A chile-flecked, honey-imbued marinade spiked with fresh citrus juice gives this chicken its fiery, syrupy character. Dates and carrots give the sauce texture and additional sweetness while a garnish of fresh herbs and pistachio nuts lends freshness and crunch. It's dinner party food at its most flavorful and convenient; its honey marinade makes it a particularly wonderful main course for Rosh Hashana, the Jewish New Year. The ingredients can be assembled up to 24 hours in advance, then all you need to do is pop it in the oven just before your guests arrive, and garnish it at the last minute. Serve it with couscous, polenta, rice or another soft grain to soak up the sauce.

Provided by Melissa Clark

Categories     dinner, lunch, roasts, main course

Time 1h45m

Yield 4 to 6 servings

Number Of Ingredients 17

1 lemon, plus 3 tablespoons freshly squeezed lemon juice
2 1/2 teaspoons kosher salt, more for pot
3 tablespoons freshly squeezed orange juice
4 tablespoons olive oil
1 1/2 tablespoons whole grain mustard
3 tablespoons honey
1 bay leaf
1/2 to 1 teaspoon crushed red pepper flakes, to taste
Black pepper, to taste
1 4-pound chicken, cut into 8 pieces
3 cups sliced carrots (1/4-inch thick)
1 onion, halved and thinly sliced
2/3 cup sliced dates
1 tablespoon fresh thyme leaves
1/4 cup chopped cilantro or parsley, for garnish
2 scallions, thinly sliced, for garnish
1/4 cup chopped toasted pistachio nuts, for garnish

Steps:

  • Quarter the lemon lengthwise, removing any seeds.

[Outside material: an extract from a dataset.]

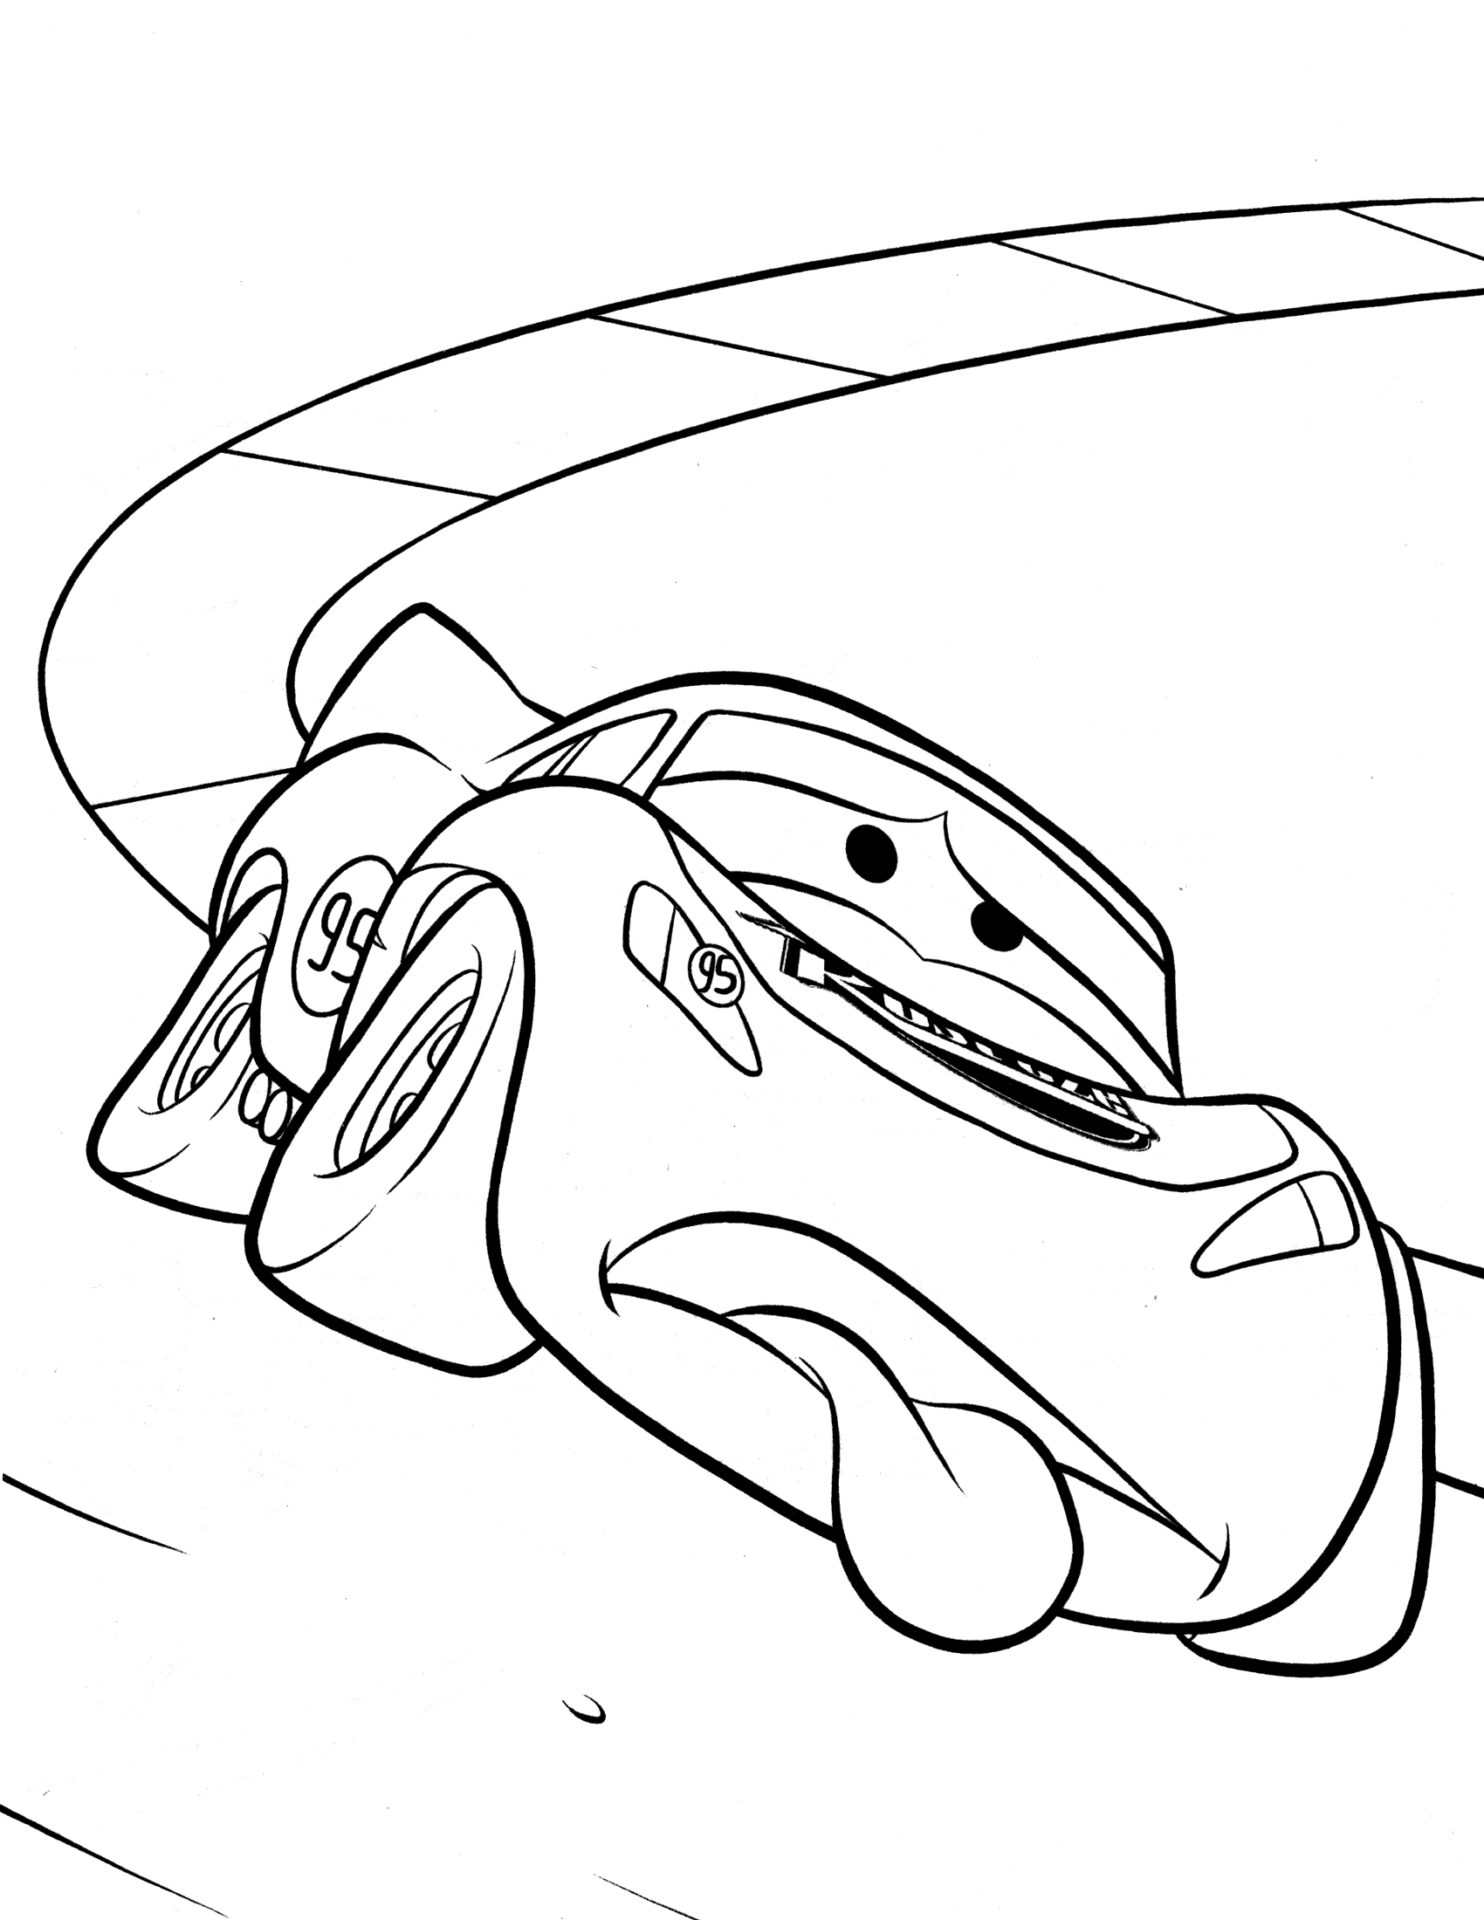 McQueen Is Tired Coloring Page   Free Printable Coloring Pages for ...

Thinly slice crosswise into small wedges and add to small pot of boiling, salted water. Blanch for 2 minutes and drain. Reserve slices.
  • In a saucepan, whisk together lemon juice, orange juice, oil, mustard, honey, salt, bay leaf, red pepper flakes and black pepper to taste. Bring to a boil and simmer for 5 minutes. Let cool.
  • Put chicken in a bowl and add honey mixture. Add carrots, onion, dates, thyme and blanched lemon slices. Turn mixture several times to coat. Let marinate for at least 30 minutes at room temperature, but preferably overnight in the refrigerator.
  • Heat oven to 425 degrees. Transfer all ingredients, including marinade, to a sheet pan with a rim. Chicken should be skin side up. Roast until chicken is browned and cooked through, about 20 to 30 minutes for breasts and 30 to 40 for legs and wings (remove the pieces as they are done cooking). When the chicken is done, give the carrot mixture in the pan a stir; if the pan looks dry add 2 to 3 tablespoons water. Continue roasting the carrots until they are tender, about 7 to 12 minutes longer.
  • Spoon carrots over chicken and top with cilantro, scallions and pistachio nuts.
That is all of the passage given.